Prime Minister Justin Trudeau set to shuffle cabinet on Friday: source

Feb 28, 2019 | 5:00 PM

OTTAWA — Prime Minister Justin Trudeau is set to shuffle the federal cabinet on Friday as he looks to fill the void left by the resignation of Jody Wilson-Raybould, a senior government source confirmed Thursday evening.

The source, speaking to The Canadian Press on condition of anonymity because no official announcement had been made, said the shuffle will be “internal to the existing cabinet,” meaning no new ministers will be brought in.

A small number of ministers will change roles, the source said, primarily so that the Department of Veterans Affairs will have a dedicated minister again.

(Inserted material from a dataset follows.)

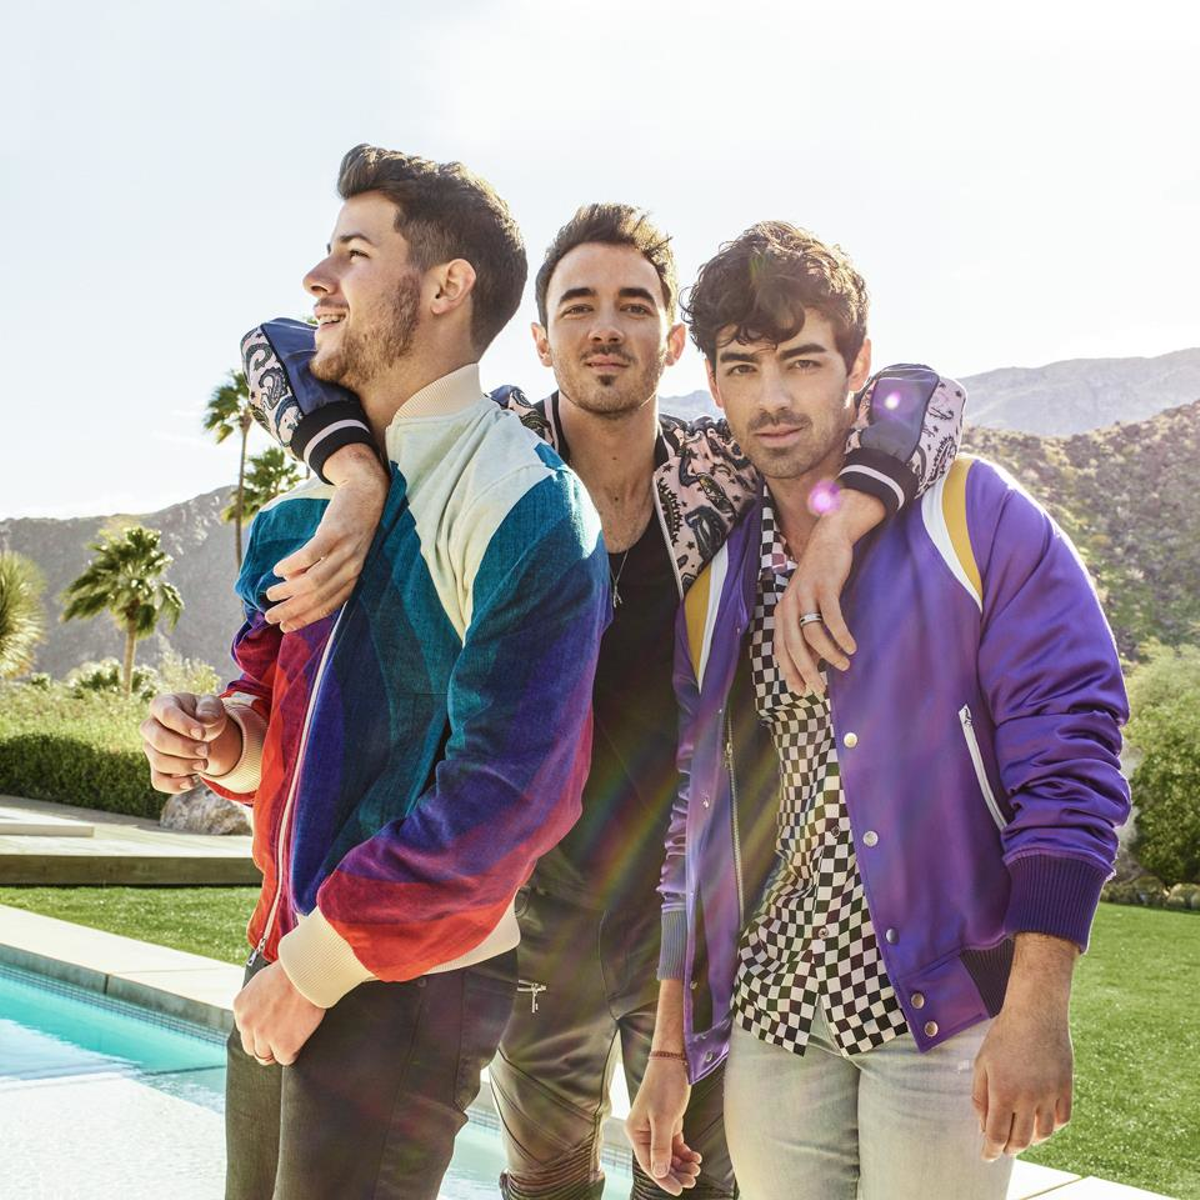 Jonas Brothers comeback tour hits Tampa’a Amalie Arena on August 10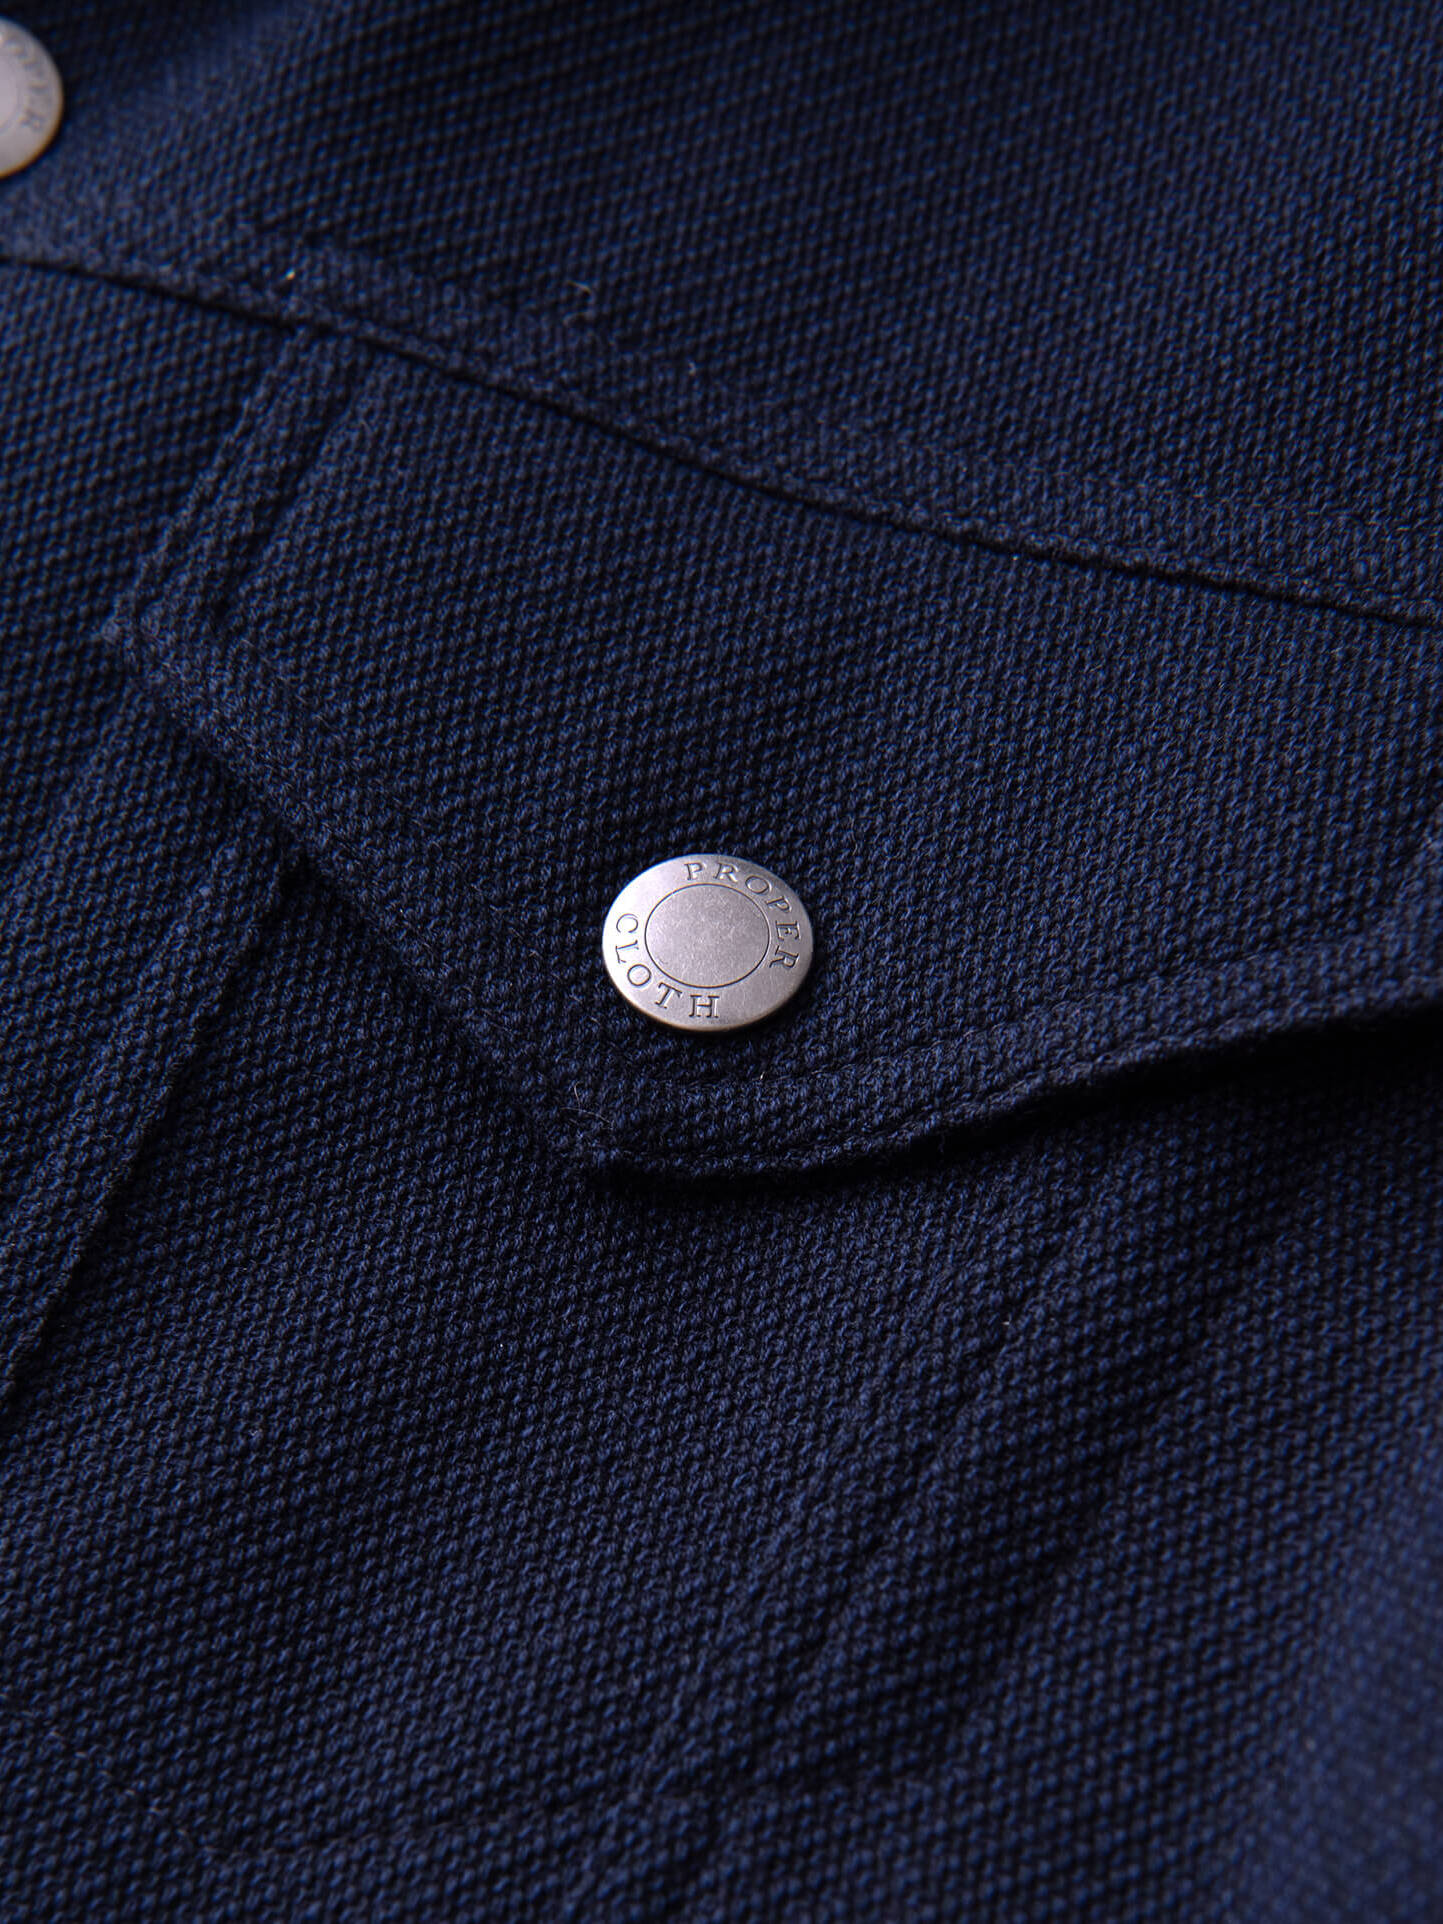 Lafayette Navy Blue Wool and Cotton Trucker Jacket by Proper Cloth

Wilson-Raybould, who was moved from the justice portfolio to veterans affairs in the last federal cabinet shuffle in mid-January, resigned her post Feb. 12.

Defence Minister Harjit Sajjan has been acting as the minister of veterans affairs since then.

On Wednesday, Wilson-Raybould testified to the House of Commons justice committee that she was pressured by Trudeau, his senior staff and others to halt a criminal prosecution of Montreal engineering giant SNC-Lavalin.

She also testified that she held firm in her conviction not to intervene in the case, telling Trudeau at one point that she would strongly advise him against interfering with her functions as attorney general.

When asked by Conservative MP Lisa Raitt whether she thought she was removed as attorney general because she “spoke truth to power,” Wilson-Raybould said she was “concerned” that was the case.

Trudeau has denied that the SNC-Lavalin affair had anything to do with Wilson-Raybould’s being moved out of the justice portfolio in January. That shuffle was precipitated by former Treasury Board president Scott Brison’s decision to leave politics.

“If Scott Brison had not stepped down from cabinet, Jody Wilson-Raybould would still be minister of justice and attorney general,” Trudeau said Feb. 15.

The January shuffle also saw Montreal MP David Lametti take over as justice minister and Nova Scotia’s Bernadette Jordan become minister of rural economic development.

Ontario’s Jane Philpott moved from Indigenous services to the Treasury Board, while Newfoundland and Labrador MP Seamus O’Regan moved from veterans affairs to Indigenous services.

Now, for the second time in six weeks, Trudeau’s ministers will be on the move again.